Last July, I wrote a column about Blogger and how its application and others like it are delivering on one of the web's original promises - that anyone can be a publisher.

In last week's column, I argued that a number of factors, including unprecedented cooperation between the mainstream news media and the government, were contributing to a public disservice. For the past several months, I've made it a point to seek out reliable alternative news sources, particularly online sources, so that I could absorb some alternative points of view on the issues surrounding the conflict in Iraq. And what is it that can give rise to numerous alternative news publishers? In part, technology.
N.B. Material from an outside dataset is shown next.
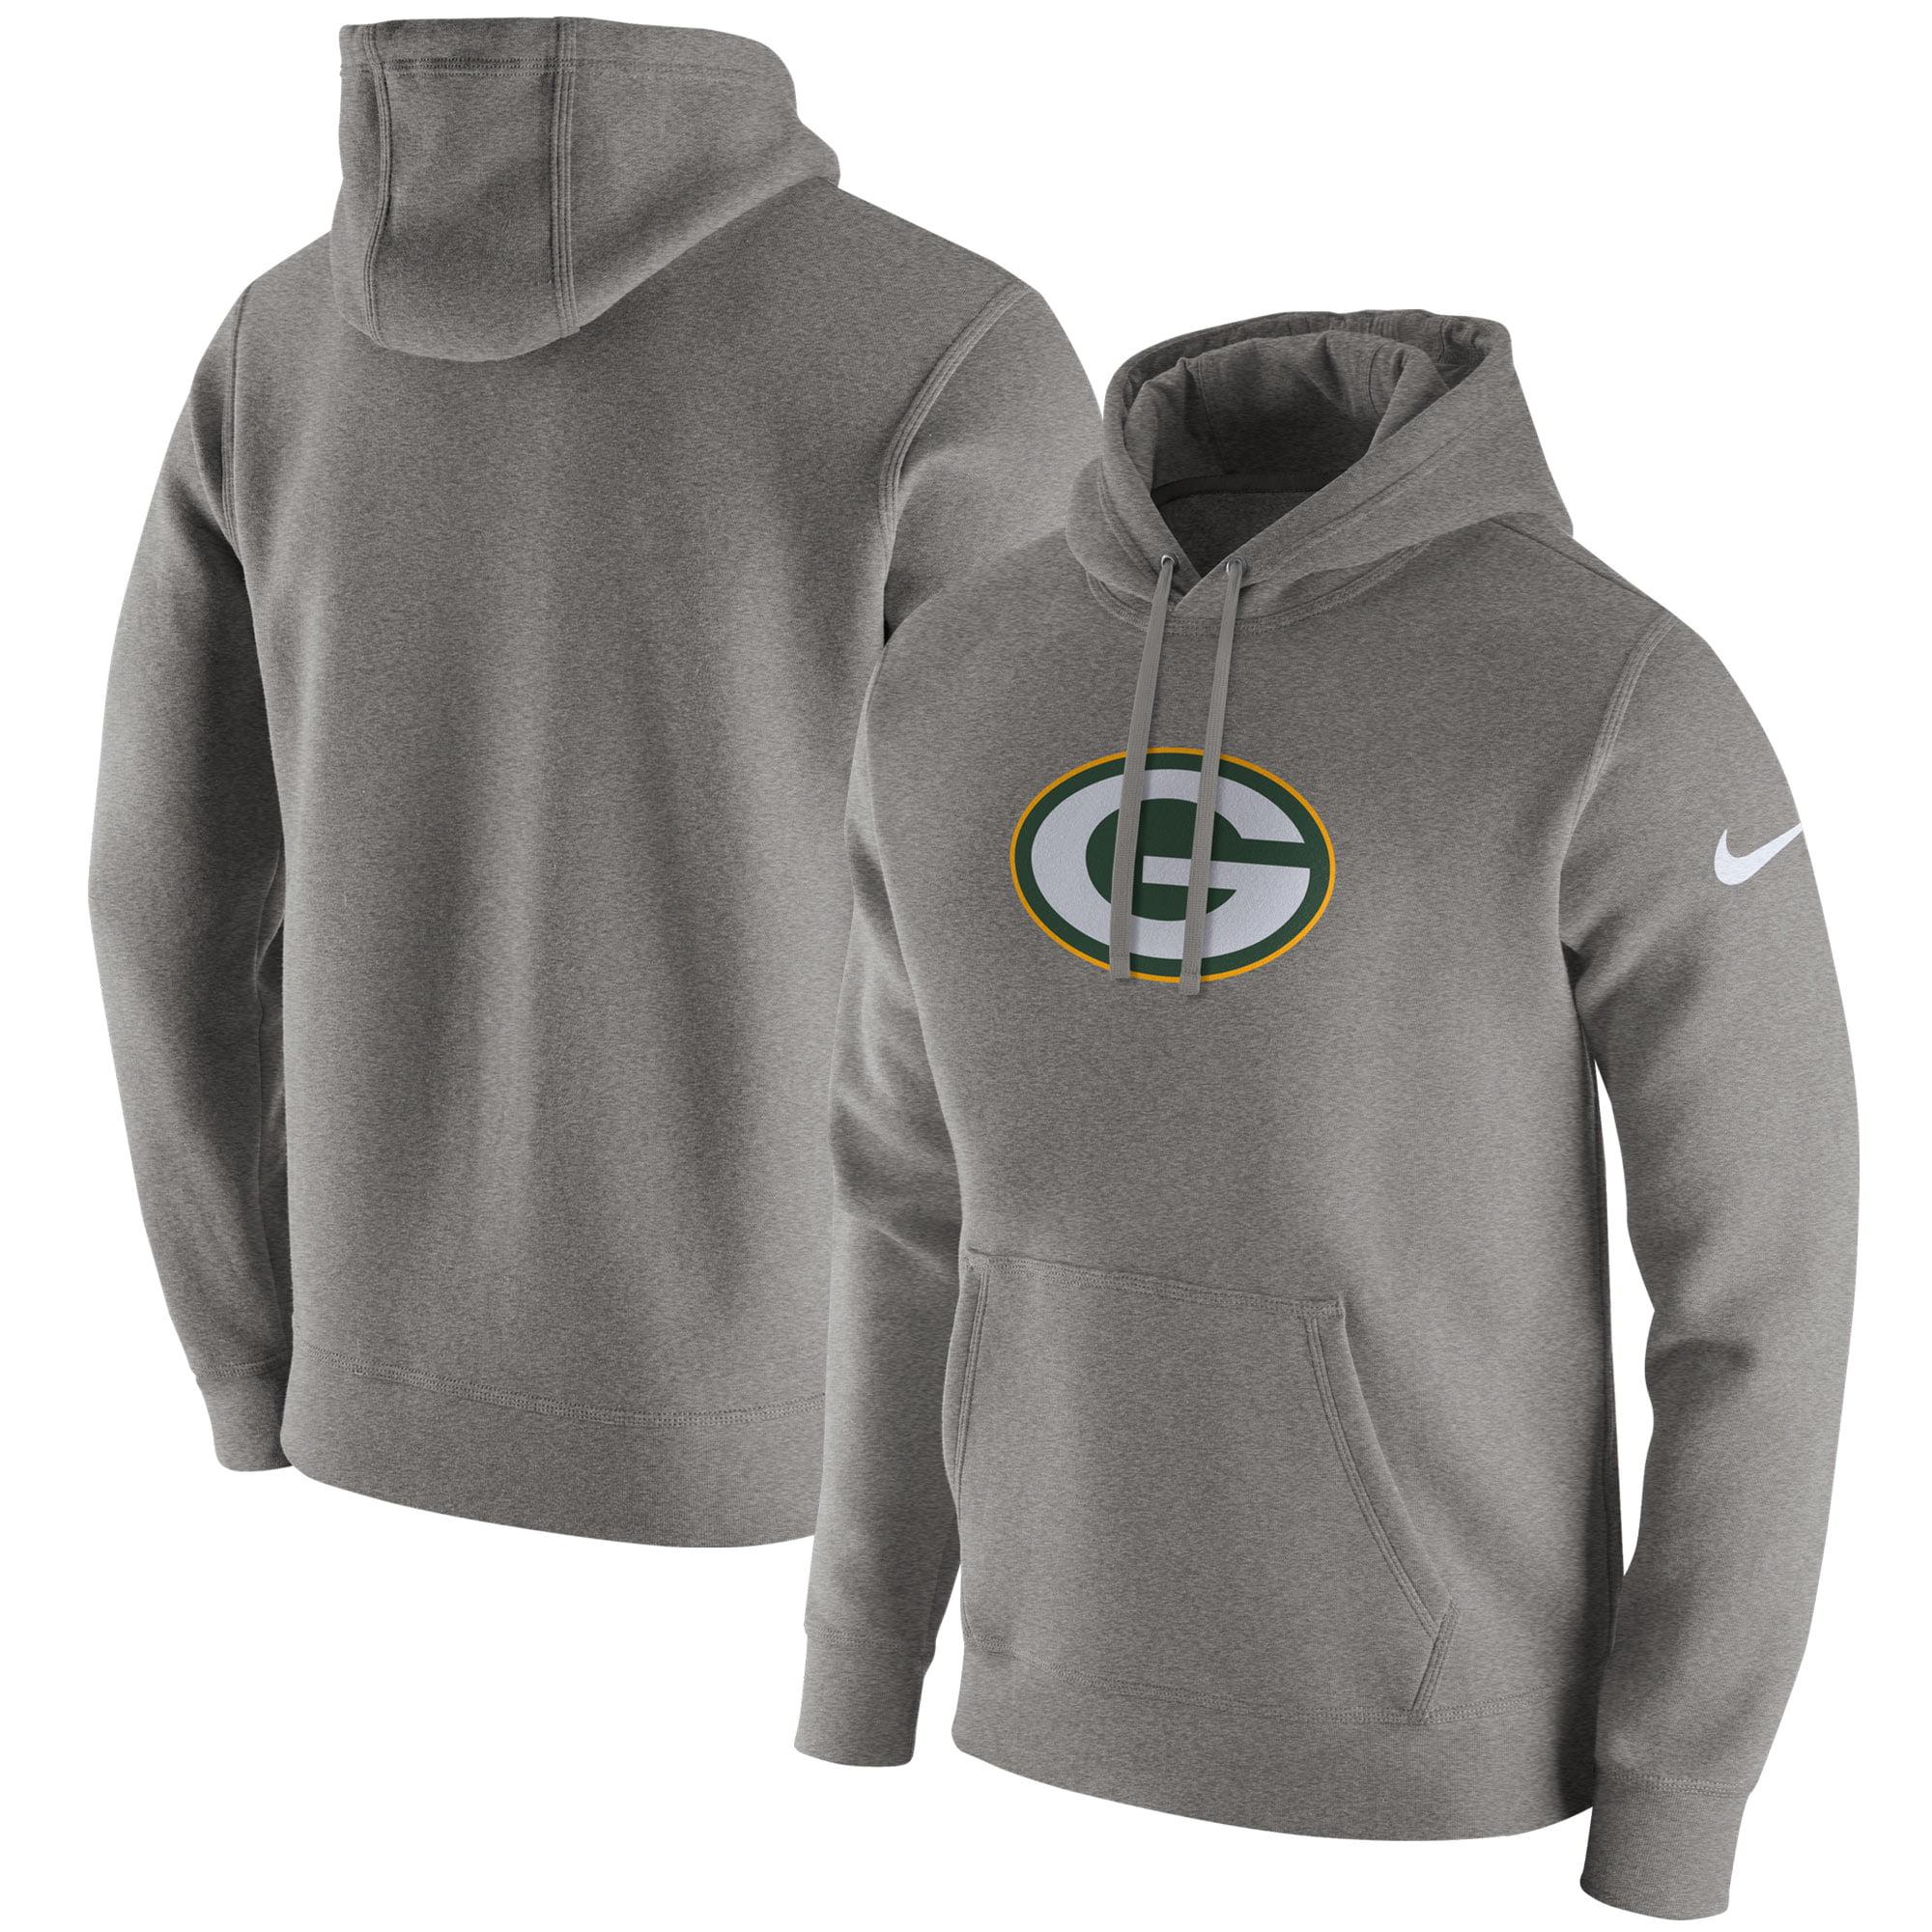 Green Bay Packers Nike Club Fleece Pullover Hoodie - Heathered Gray

It is not difficult to put up a website. One doesn't necessarily need to know HTML to program a website anymore - that's why there are tools like FrontPage, Dreamweaver and other HTML editors. What is difficult is maintaining a website - making it easily accessible and making new information easy to find and manage. This becomes less of a chore when a site is database-driven and can be administered through a web-based interface.



But who can afford a database-driven website? Isn't that what interactive agencies and website development shops get paid gobs of money to create? Truth be told, it's not expensive at all. In fact, there are plenty of tools available to make content publishing (and the maintenance associated with it) pretty much turnkey for any aspiring publisher.

Last week, I had an idea for a website, so I quickly registered a suitable domain with the help of my preferred web host. I then signed up for an account, which gave me space on a server running an open source operating system (Linux), running an open source web server (Apache). A few clicks on my web host's extranet, and I added two items to my hosting account - an open source database (MySQL) and an open source scripting language (PHP). Armed with these tools, I had laid a foundation to be able to run any number of content management systems. I decided on an open source content management system known as PHP-Nuke.

In less than 20 minutes, I had PHP-Nuke installed on my web server. From there, I could easily create a database-driven website without having to painstakingly hand-code pages or committing myself to long, sleepless evenings in the name of content updates. Instead, PHP-Nuke manages how I display content and how my users can experience it. PHP-Nuke comes with several functional modules, including an administration interface, bulletin board forums, search functionality, even an adserver for rotating ads throughout the site. Programmers are constantly writing new modules for PHP-Nuke, due to its open source nature, so the content management system is constantly kept fresh. If I want an e-commerce module so that I can sell product on my website, no problem. Someone has already written one, and all I have to do is download it.

What's the point? Simple. We're getting there.

Look at the advancement of technology, as it pertains to the individual consumer, from a 50,000 foot level. Running a website in 1996 meant that you knew HTML. Running a website today doesn't carry any of that baggage. Okay, now I wouldn't trust my mom to be able to set up a PHP-Nuke website, but it's getting much simpler. It's become much simpler over the past nine years. And we can expect that it will be yet simpler soon. I already see ads on the PHP-Nuke website for web hosting accounts with PHP-Nuke already installed.

So we're not far from the average citizen of the United States being able to launch and maintain a website with little trouble and little technical knowledge. And what happens when we get to that point? The marketplace of ideas explodes with fresh information sources. And that's a good thing.